Client->Server Bytes

net.link.clientServer.bytes

Bytes passing through the link from client to server.

Server->Client Bytes

net.link.serverClient.bytes

Bytes passing through the link from server to client.

MongoDB Collections

net.mongodb.collections

MongoDB collections.

MongoDB Collections Details

net.mongodb.collections.details

MongoDB collections details.

Failed MongoDB Request Count

net.mongodb.error.count

Number of Failed MongoDB requests.

MongoDB Operation

net.mongodb.operation

MongoDB Operation.

MongoDB Query Type

net.mongodb.op.type

MongoDB OP Type.

MongoDB Request Count

net.mongodb.request.count

Total number of MongoDB requests.

Avg MongoDB Request Time

net.mongodb.request.time

Average time to complete a MongoDB request.

Max MongoDB Request Time

net.mongodb.request.time.worst

Maximum time to complete a MongoDB request.

Failed SQL Request Count

net.sql.error.count

Number of Failed SQL requests.

SQL Query

net.sql.query

The full SQL query.

SQL Query Type

net.sql.query.type

SQL query type (SELECT, INSERT, DELETE, etc.).

SQL Request Count

net.sql.request.count

Number of SQL requests.

Avg SQL Request Time

net.sql.request.time

Average time to complete a SQL request.

Max SQL Request Time

net.sql.request.time.worst

Maximum time to complete a SQL request.

SQL Table

net.sql.table

SQL query table name.

Network Protocol

net.protocol

The network protocol of a request (e.g. HTTP, MySQL).

Remote Connection Endpoint

net.remote.endpoint

IP address of a remote node.

Remote Connection Service

net.remote.service

Service (port number) of a remote node.

Requests Total

net.request.count

Total number of network requests. Note, this value may exceed the sum of inbound and outbound requests, because this count includes requests over internal connections.

Requests In

net.request.count.in

Number of inbound network requests.

Requests Out

net.request.count.out

Number of outbound network requests.

Avg Request Time

net.request.time

A measure of response time which includes app + network latency. For server side it is purely a measure of app latency. This is calculated by measuring when we see the arrival of the last request buffer to when we see the departure of the first response buffer.

Request Time - File I/O

net.request.time.file

The amount of time for serving a request that is spent doing file I/O. See also net.request.time.net (network I/O time) and net.request.time.processing (CPU processing time).

Request Time % - File I/O

net.request.time.file.percent

The percentage of time for serving a request that is spent doing file I/O. See also net.request.time.net (network I/O time) and net.request.time.processing (CPU processing time).

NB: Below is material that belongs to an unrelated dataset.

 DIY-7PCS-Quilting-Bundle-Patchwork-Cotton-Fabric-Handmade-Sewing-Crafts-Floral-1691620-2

Avg Request Time - Inbound

net.request.time.in

Average time to serve an inbound request.

Total Time In Node

net.request.time.local

Average per request delay introduced by this node when it serves requests coming from the previous tiers. In other words, this is the time spent serving incoming requests minus the time spent waiting for outgoing requests to complete.

Delay Local Tiers %

net.request.time.local.percent

When serving requests that come from previous tiers, the percentage of time spent in the local node versus the next tiers.

Request Time - Network I/O

net.request.time.net

The amount of time for serving a request that is spent doing network I/O. See also net.request.time.file (file I/O time) and net.request.time.processing (CPU processing time).

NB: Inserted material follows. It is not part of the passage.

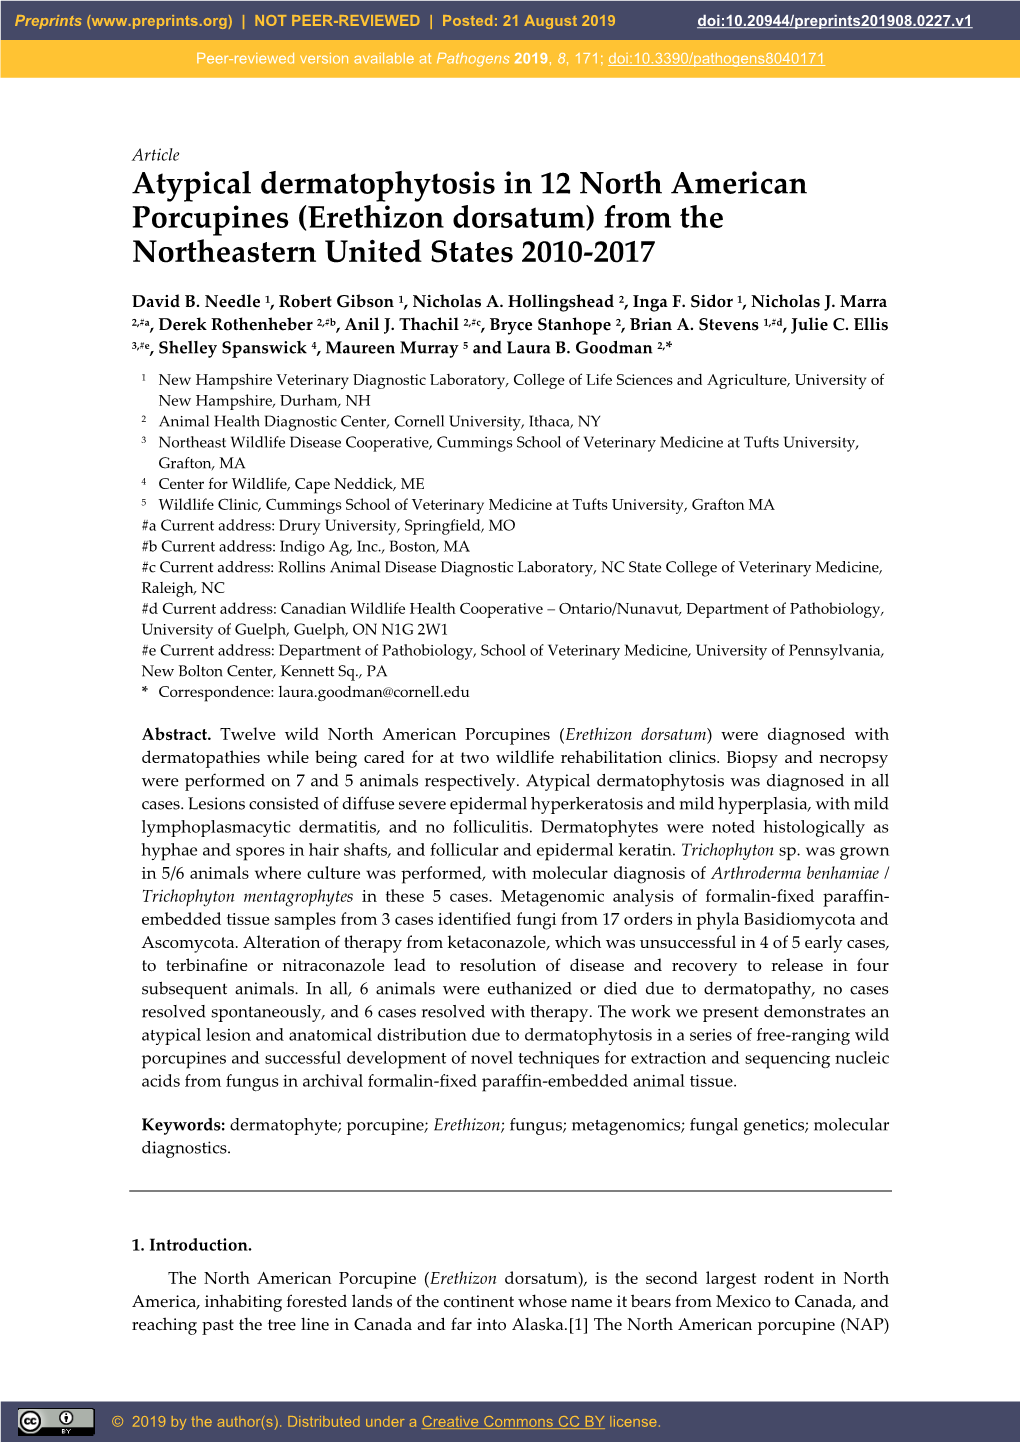 Erethizon Dorsatum) from the Northeastern United States 2010-2017

Request Time % - Network I/O

net.request.time.net.percent

The percent of time for serving a request that is spent doing network I/O. See also net.request.time.file (file I/O time) and net.request.time.processing (CPU processing time).

Total Time In Next Tiers

net.request.time.nextTiers

Delay introduced by the successive tiers when serving requests.

% Time In Next Tiers

net.request.time.nextTiers.percent

When serving requests that come from previous tiers, the percentage of time spent in the next tiers versus the local node.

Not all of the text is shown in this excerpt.